Ногендро понимал, что во всем виноват только он один. Ему лишь тридцать три года, а между тем все уже позади. Того, чем наделил его всевышний при рождении, должно было хватить надолго. Всевышний никому не давал так много. Богатство, положение – все было у Ногендро с первого дня появления на свет. Господь не поскупился и на разум, без которого все эти блага не принесли бы счастья. Родители дали ему прекрасное образование – трудно найти человека более просвещенного, чем он. Природа щедро одарила его красотой, силой, здоровьем; на его счастливую долю выпало и то, что нельзя купить ни за какие богатства, что является самым дорогим даром в жизни, – это бесконечно любящая и преданная жена. Был ли на свете человек счастливее Ногендро? И есть ли сейчас человек, более несчастный, чем он? Если бы все это дали ему теперь, он, не задумываясь, уступил бы свое место любому носильщику за право ощущать блаженство покоя.
«Есть ли в тюрьме преступник, более несчастный, чем я? – думал Ногендро. – Убийца губит чужого человека. Я убил Шурджомукхи. Как мог я быть таким бесчувственным, чтобы обречь ее на скитание и гибель в огне? Я – убийца Шурджомукхи. Есть ли на свете преступник, более грешный, чем я? Разве Шурджомукхи была мне только женой? Она являлась для меня всем – женой, другом, сестрой, возлюбленной, матерью, преданной дочерью, наставником, верной служанкой. Моя Шурджомукхи! Где ты? Подруга дней, хозяйка дома, моя вера, мое украшение! Ты – звезда моих очей, бальзам моей души, мое дыхание, моя жизнь! Ты разделяла со мной радость и горе, наставляла в трудностях, вдохновляла в делах! Что может быть дороже тебя? Ты для меня свет, который я вижу, песня, которую слышу, воздух, которым дышу, мир, который я ощущаю! Ты – мое настоящее, мое прошлое, мое будущее, ты – мой покой и пустота там, в другом мире. Как мог я быть таким жестоким, чтобы не оценить подобного сокровища?»

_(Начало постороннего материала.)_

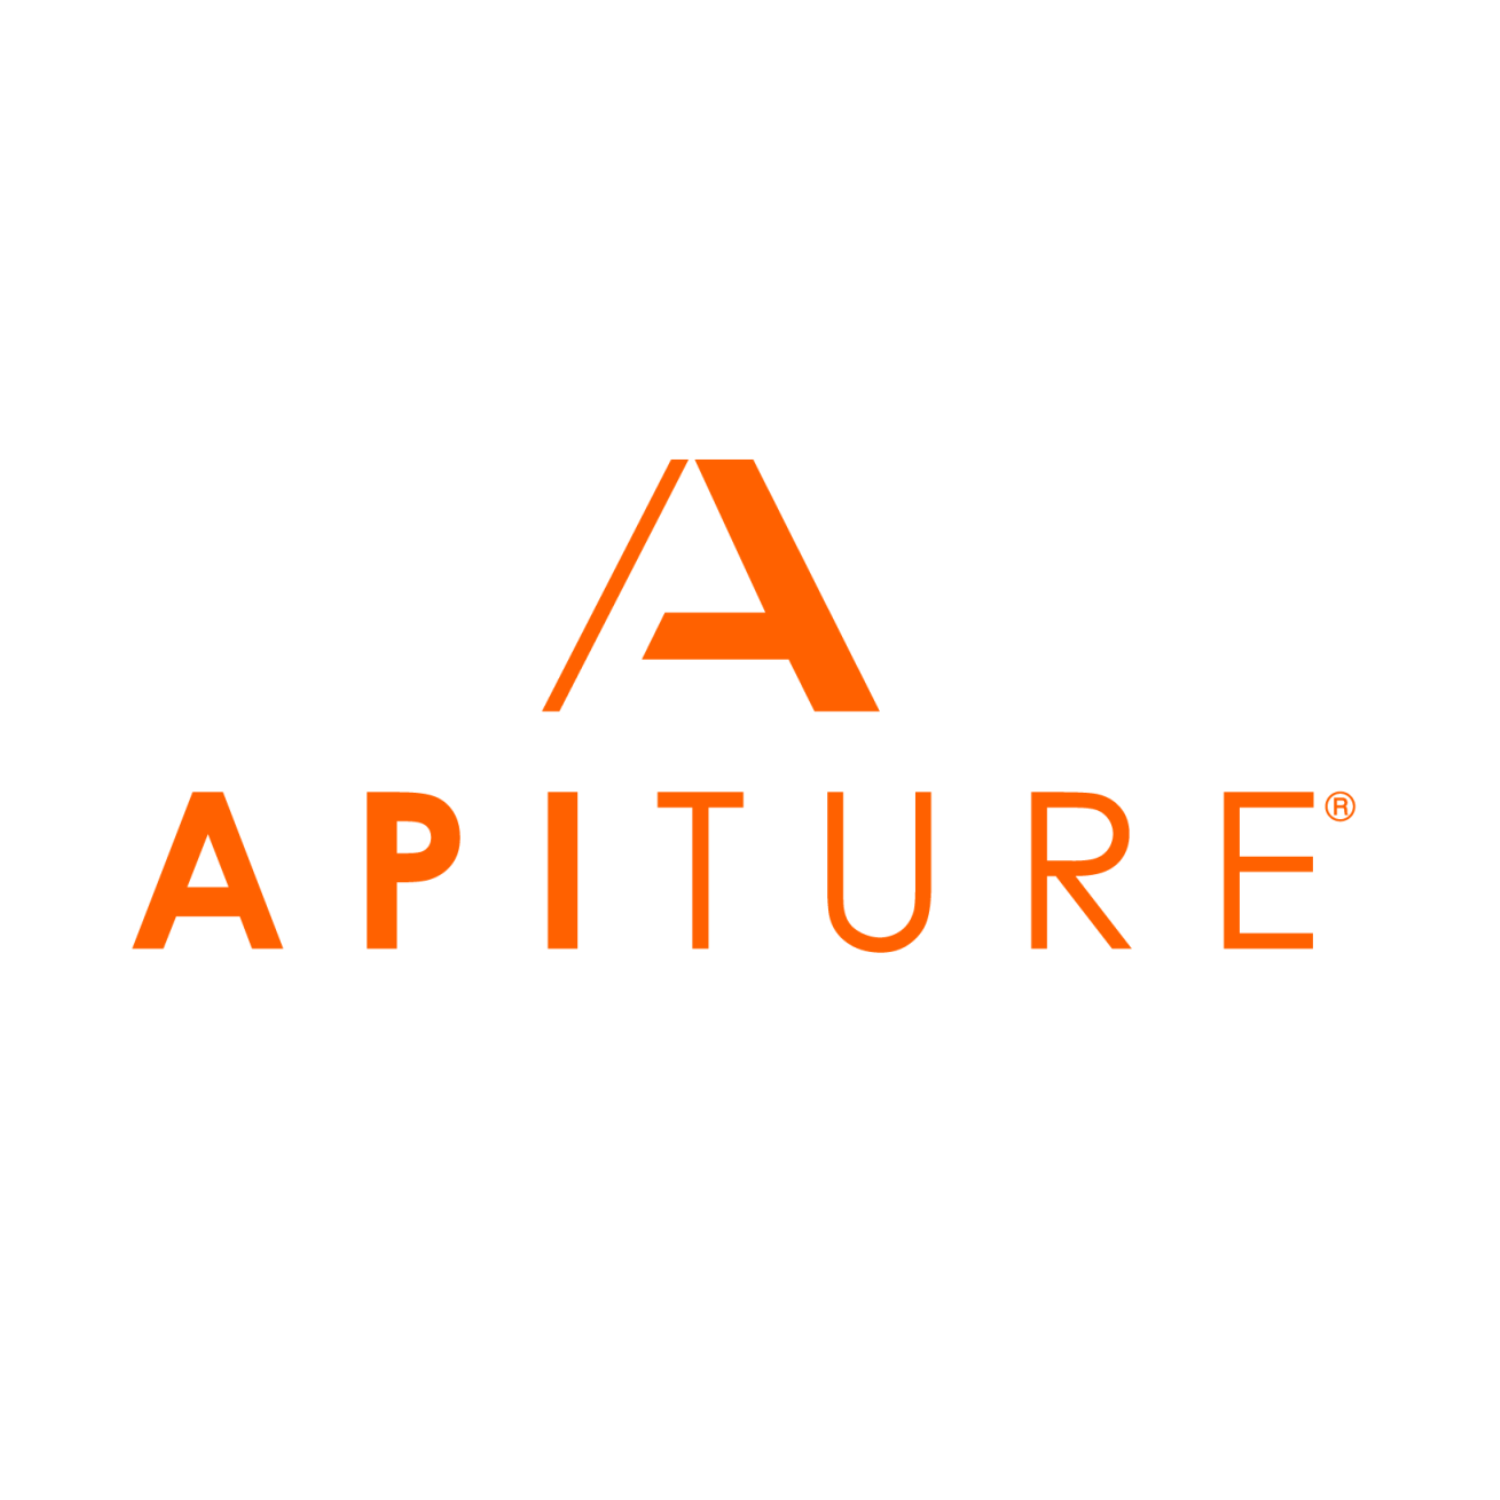 Apiture logo.png

Внезапно Ногендро спохватился: он сидит в паланкине, а несчастная Шурджомукхи шла пешком! И он спешился, пустые носилки несли за ним. На первом попавшемся базаре он продал паланкин и простился с носильщиками. Оставшийся путь Ногендро решил пройти сам.
«Теперь я посвящу свою жизнь искуплению вины за убийство Шурджомукхи, – думал он. – Уходя из дома, Шурджомукхи лишилась всего, я тоже откажусь от всего: от денег, имущества, слуг, друзей... Я перенесу все страдания, какие испытала она. Я буду идти пешком, есть что попало, спать под открытым небом или в сарае. И если я когда-нибудь встречу женщину, отверженную, как она, я не пожалею жизни, чтобы помочь ей. Я оставлю лишь самое малое для себя, все остальное отдам тем несчастным, которые остались без крова и приюта, и в дарственной Шотишу напишу, чтобы половину имущества при моей жизни он отдал в пользу несчастных женщин. Можно искупить преступление. Но как поступить с горем? Его может искупить только смерть. Смерть – конец печали. Почему же ко мне не приходит это искупление?» И, закрыв глаза, Ногендро стал молить всевышнего, чтобы он послал ему смерть.
Все кончилось, остались только страдания
Наступила полночь. Сришчондро сидел в своей конторе один.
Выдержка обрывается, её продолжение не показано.